Support the organisations doing this work. The Center for Humane Technology, the Electronic Frontier Foundation, the DROG foundation, EUvsDisinfo — organisations advocating for platform accountability, algorithmic transparency, and democratic resilience. Their work scales in ways individual action does not.

Support quality journalism. Subscribe to investigative outlets. The Haugen disclosures happened because journalists worked on them for months. Investigative journalism is expensive and commercially precarious. The organisations that produce it need financial support to continue.

Contact your representatives. The policy agenda — algorithmic transparency requirements, liability for harmful design, privacy-preserving age verification, mandatory algorithmic impact assessments — requires political support. Legislators who receive constituent communication on this issue are more likely to act on it. The OECD documented a five-fold increase in countries implementing age restrictions in 16 months: political will moves fast when it moves.

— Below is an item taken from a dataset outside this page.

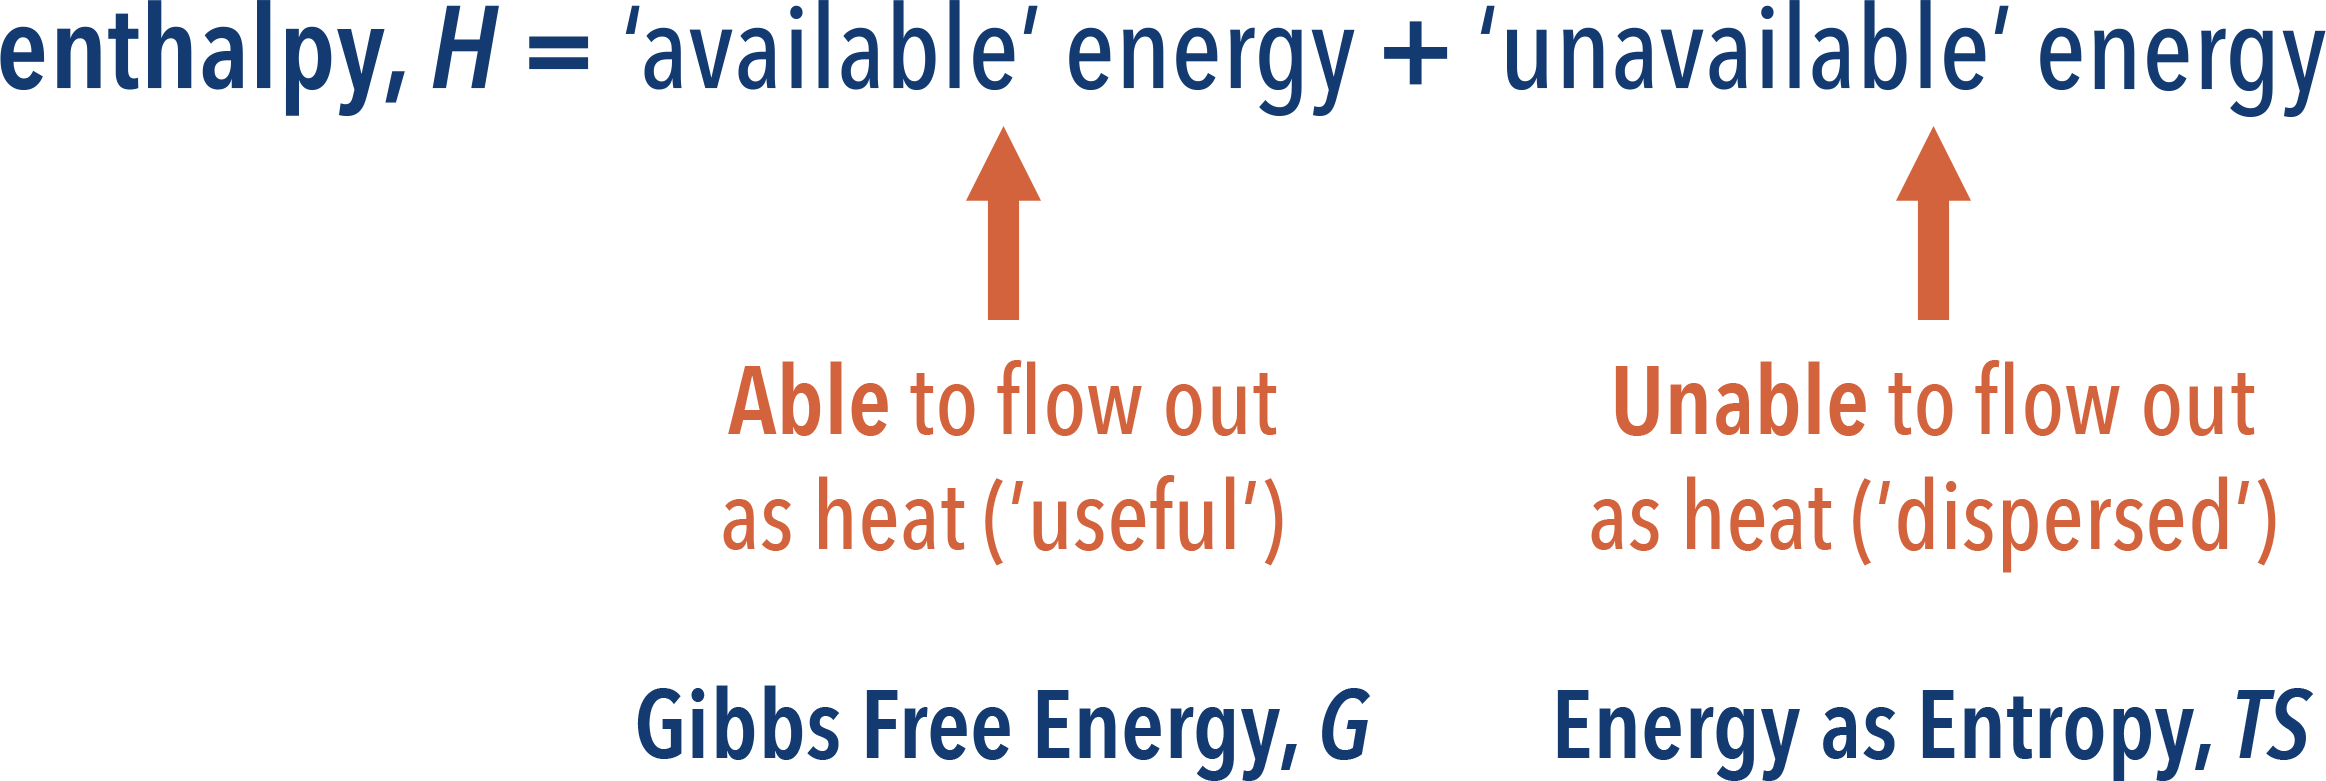 enthalpy and gibbs free energy entropy a-level chemsitry
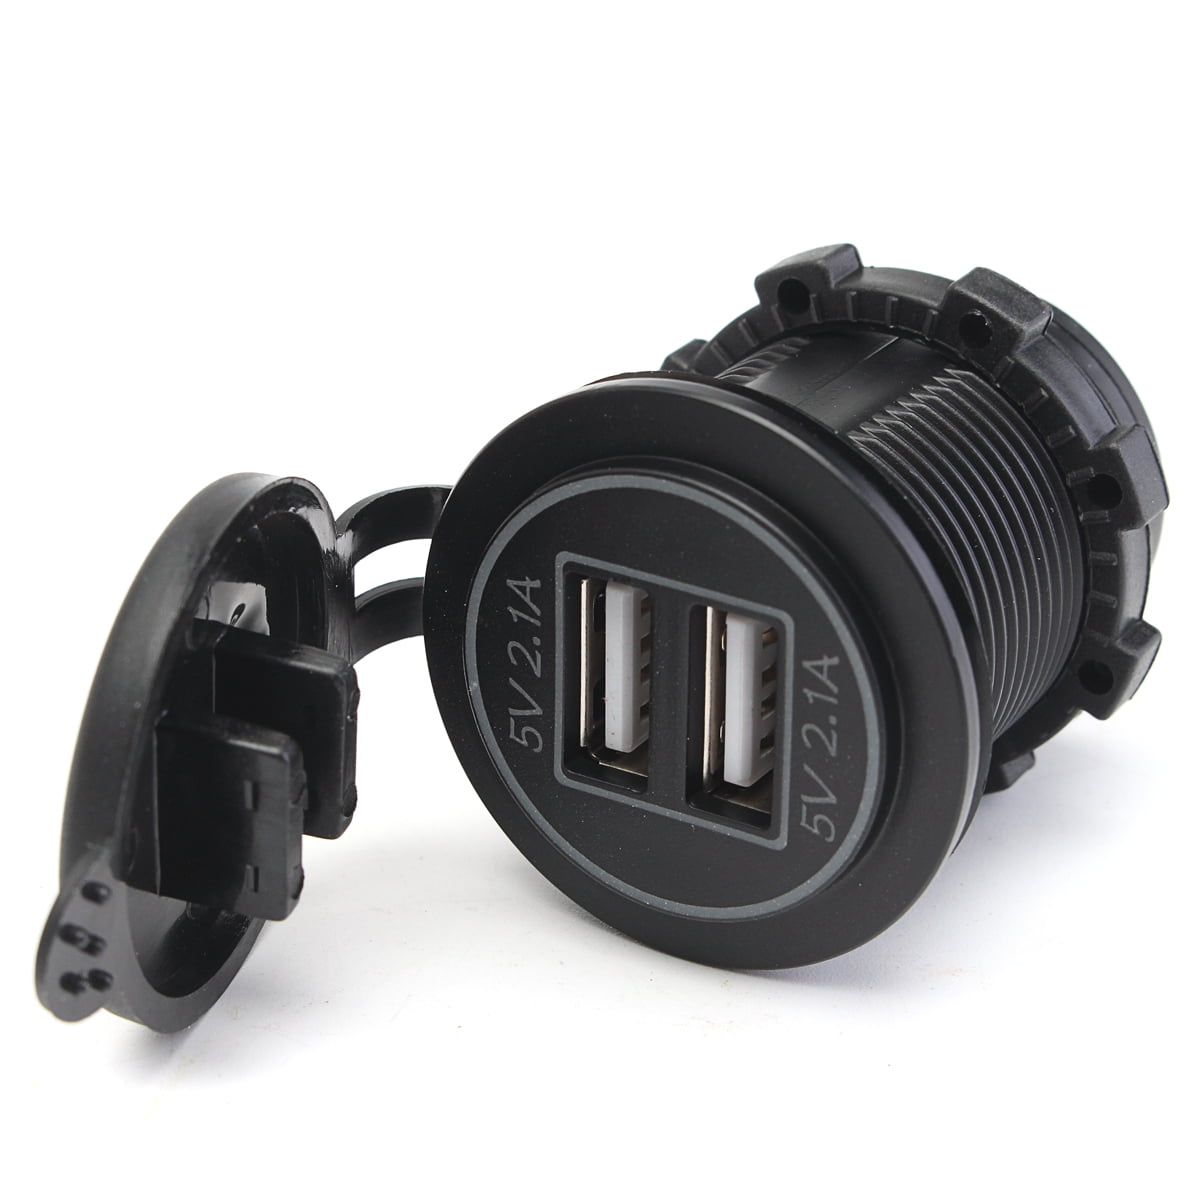 12-24V 2.1A+2.1A Waterproof Car Motorcycle Dual USB Power Adapter ...

Deeper — why the tiers are in this order, and why individual action isn't enough

The ordering here is deliberate and is the same argument the rest of the site makes. The individual steps are real and worth doing — phone-free bedrooms have the most consistent evidence behind them, and inoculation (understanding the technique) measurably increases resistance. But they put the burden of response on the person rather than on the system, and that framing quietly favours the platforms: a feed refined by thousands of engineers against billions of data points is not an even contest with personal willpower.

That is why structural steps sit at the top of the impact order even though they feel less immediate. Liability for harmful design, algorithmic transparency, and enforcement of existing law (the DSA) change the system for everyone at once, in a way no personal setting can. Both tiers matter — but if you only had energy for one, the leverage is in the structural tier. Individual action makes you harder to manipulate; structural change makes the machine less manipulative.